Bad Filesystem Performance
At the moment, some issues with the file systems that impact the performance are observed. File access can be severely delayed consequently. The issue is currently under investigation.
Global Maintenance of CLAIX-2023
Due to maintenance tasks on a cluster-wide scale that cannot be performed online, the whole batch service will be suspended for the maintenance.
The Regapp is also affected by the maintenance.
Jupyterhub Temporarily Unavailable Due To Kernel Update
Due to a scheduled kernel update, the jupyterhub node is temporarily unavailable. The node will be available again, as soon as the update is completed.
Kurze SSO-Störung
Heute Abend kam es gegen ca. 20:25 - 21:00 zu einem Performance-Tief des SSO-Service und wurde innerhalb dieser Zeit von der Fachabteilung geprüft.

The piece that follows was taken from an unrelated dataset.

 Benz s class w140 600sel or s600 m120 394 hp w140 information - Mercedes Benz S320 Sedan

Das Problem ist behoben und schnelle Logins ohne Wartezeiten sind wieder möglich.
---English---
Login nodes unavailable due to kernel update
Due to a scheduled Kernelupdate, the login nodes, i.e., login23-*, are temporarily unavailable during the update. The nodes will be available again, as soon as the update is completed.
Some CLAIX23 Nodes Unavailable Due To Update Issues
During a kernel update issues occured which lead to delays in re-deploying the nodes to the batch service. Consequently, a large number of compute nodes is unavailable at the moment (reserved and/or down). We are currently working on handing the respective nodes and will release them as fast as possible.

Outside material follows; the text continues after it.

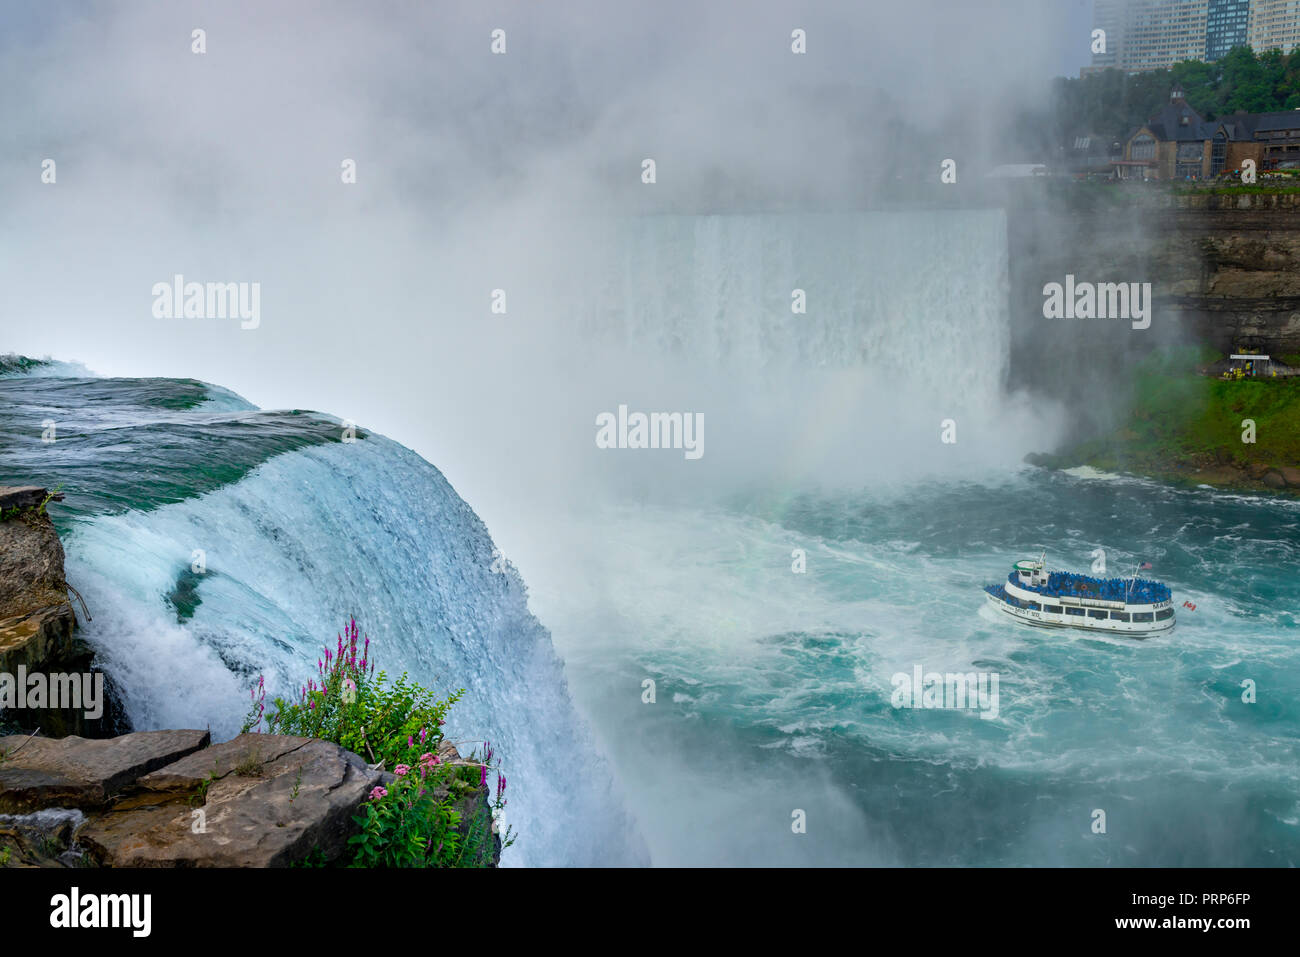 Mädchen des Nebels Ausflugsboot, Niagara Falls, Kanada Stockbild

HPC JupyterHub unavailable
The HPC JupyterHub is currently unavailable due to unforeseen errors in the filesystems.
A solution is being worked on.
Node unavailable due to kernel update
The kernel of the CLAIX23 copy node claix23-2 has to be updated. The node will be available again as soon as the update is finished.
RegApp Störung
Es ist zurzeit nicht möglich in der RegApp das HPC Passwort zu ändern.

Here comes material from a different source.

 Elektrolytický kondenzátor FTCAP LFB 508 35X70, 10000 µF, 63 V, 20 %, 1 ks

Das anlegen neuer Accounts funktioniert nicht.
RegApp Wartung
In der angegebenen Zeit findet eine kurze Wartung der RegApp statt. In dieser Zeit sind keine Logins möglich.
Update:
Die RegApp ist seit 9 Uhr wieder erreichbar, die Kommunikation mit dem 2. Faktor ist aber gestört. Entsprechend funktioniert der 2FA-Login am HPC noch nicht.
Update 10:10
Die Störung ist behoben, der 2FA-Login am HPC funktioniert wieder.
Wartung der RegApp
In der angegebenen Zeit findet eine kurze Wartung der RegApp statt. In dieser Zeit ist kein Login in der RegApp möglich.
Slurm hiccup possible
We are migrating the slurm controller to a new host. It might come to short timeouts. We try to minimize that as much as possible.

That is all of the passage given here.